Brief ▸ For this exercise, return all the data word for word, with images left out.

━━━ Raw data

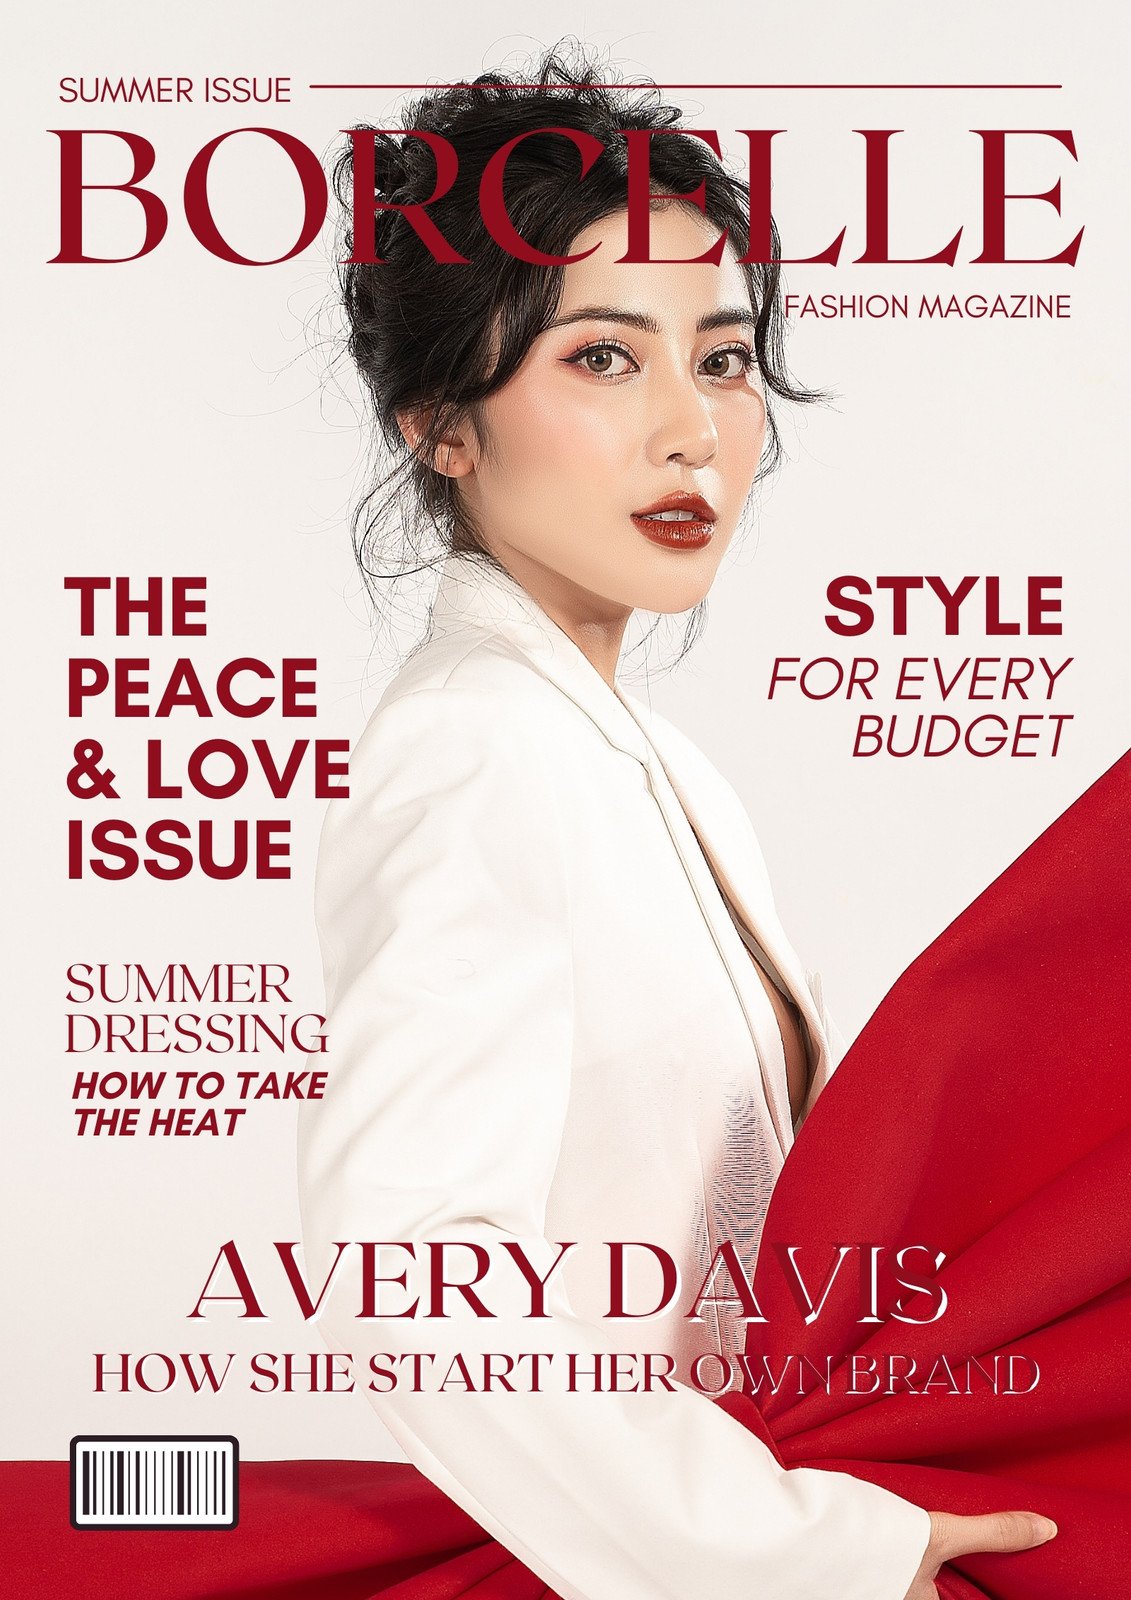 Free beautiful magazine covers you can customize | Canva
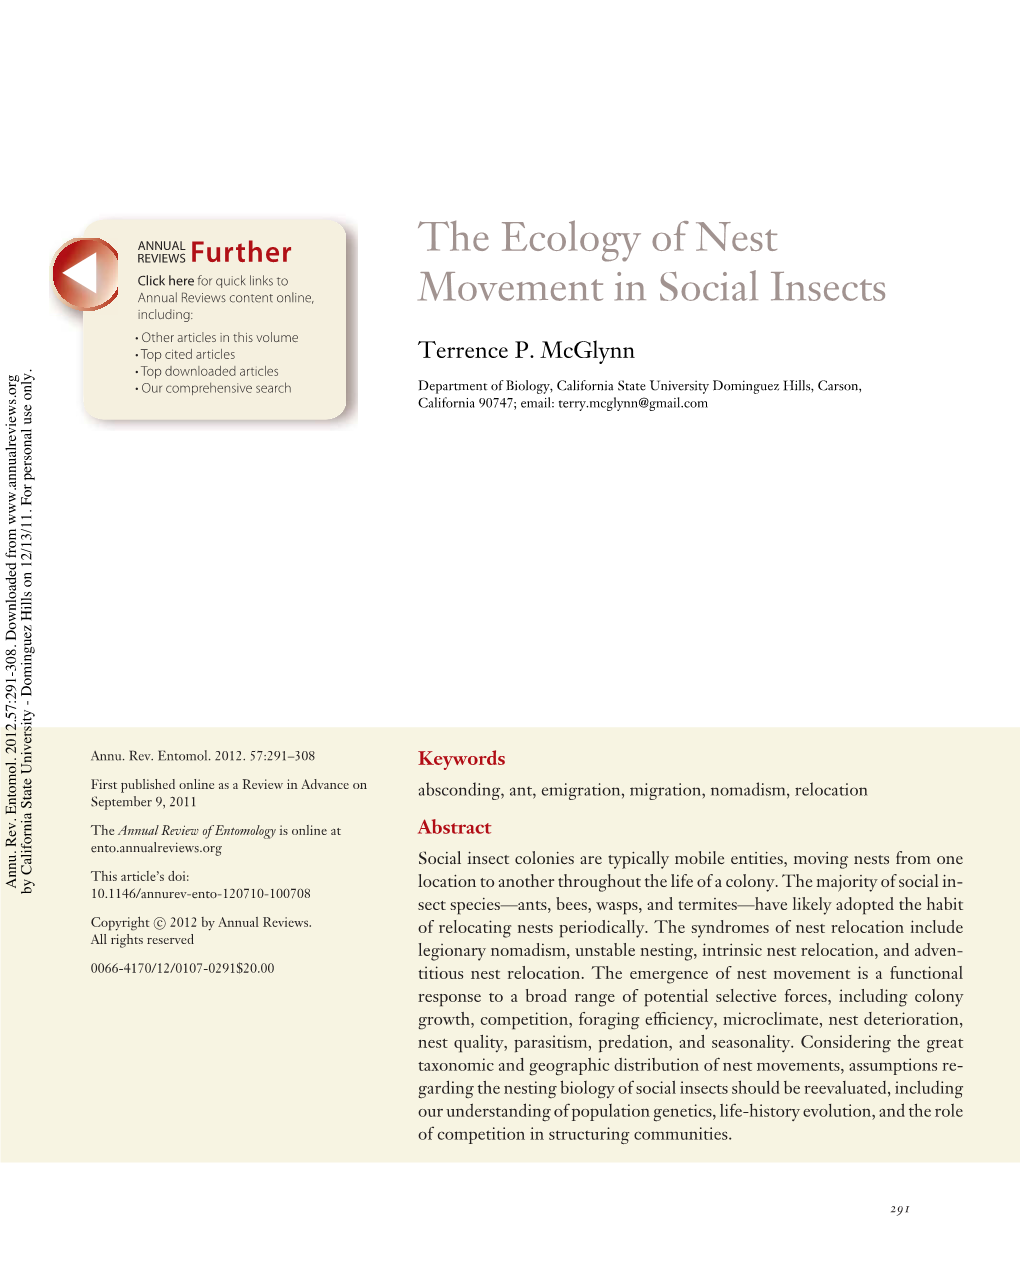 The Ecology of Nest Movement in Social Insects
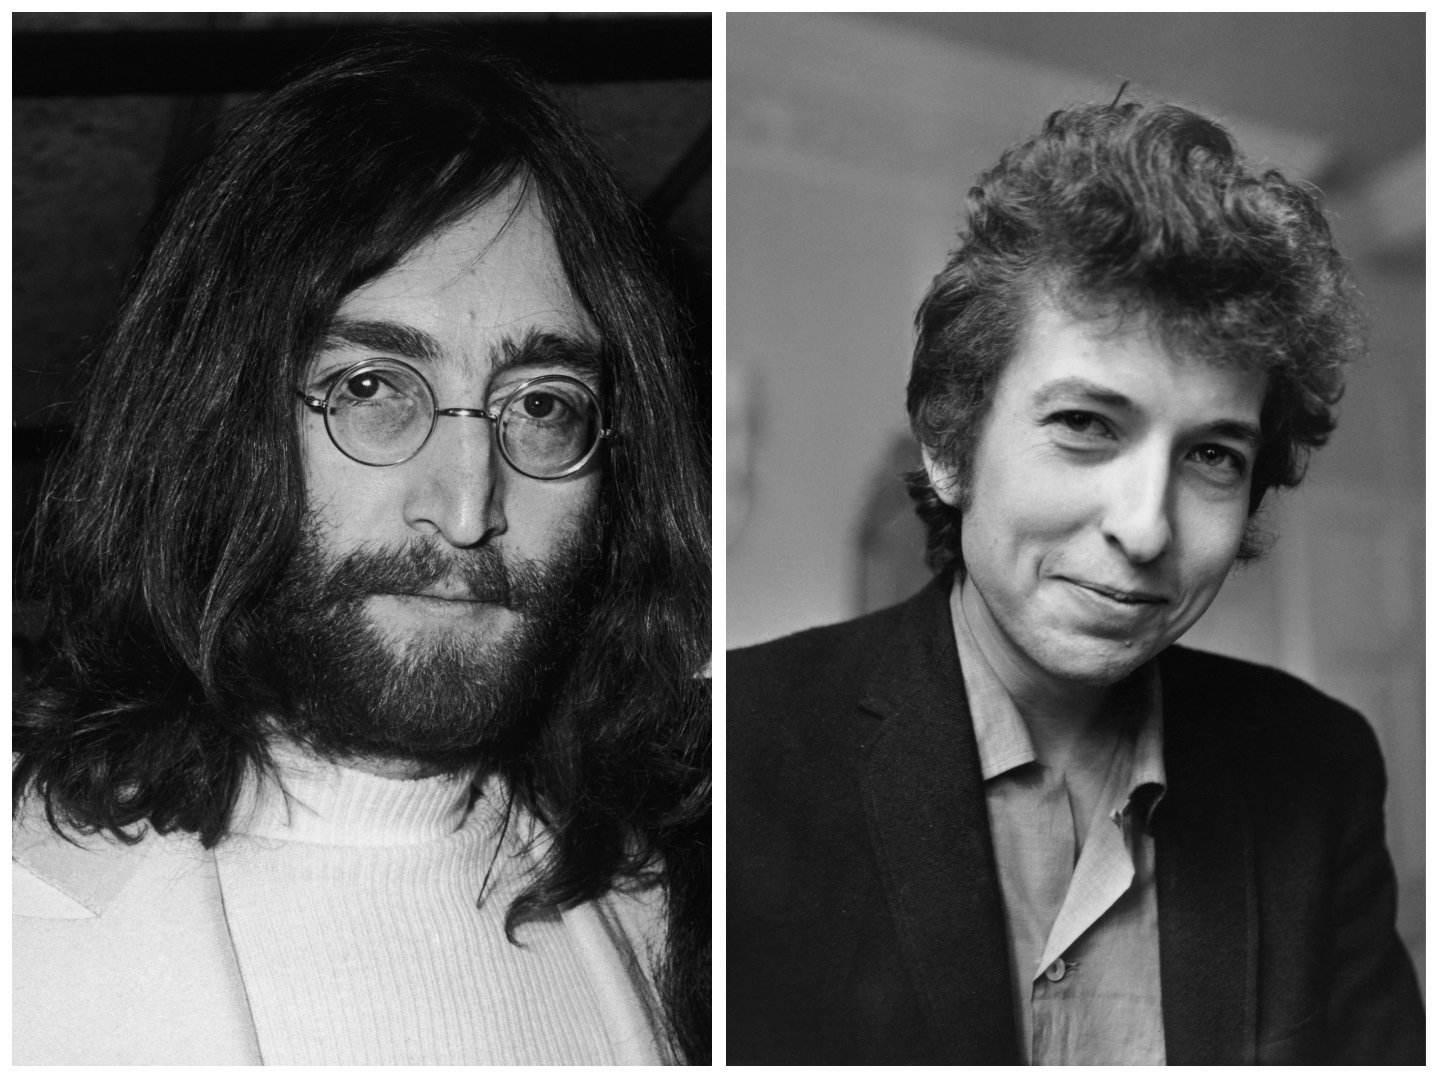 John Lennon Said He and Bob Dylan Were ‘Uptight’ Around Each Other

━━━━━━

Solution to this exercise ▸
 Free beautiful magazine covers you can customize | Canva
 The Ecology of Nest Movement in Social Insects
 John Lennon Said He and Bob Dylan Were ‘Uptight’ Around Each Other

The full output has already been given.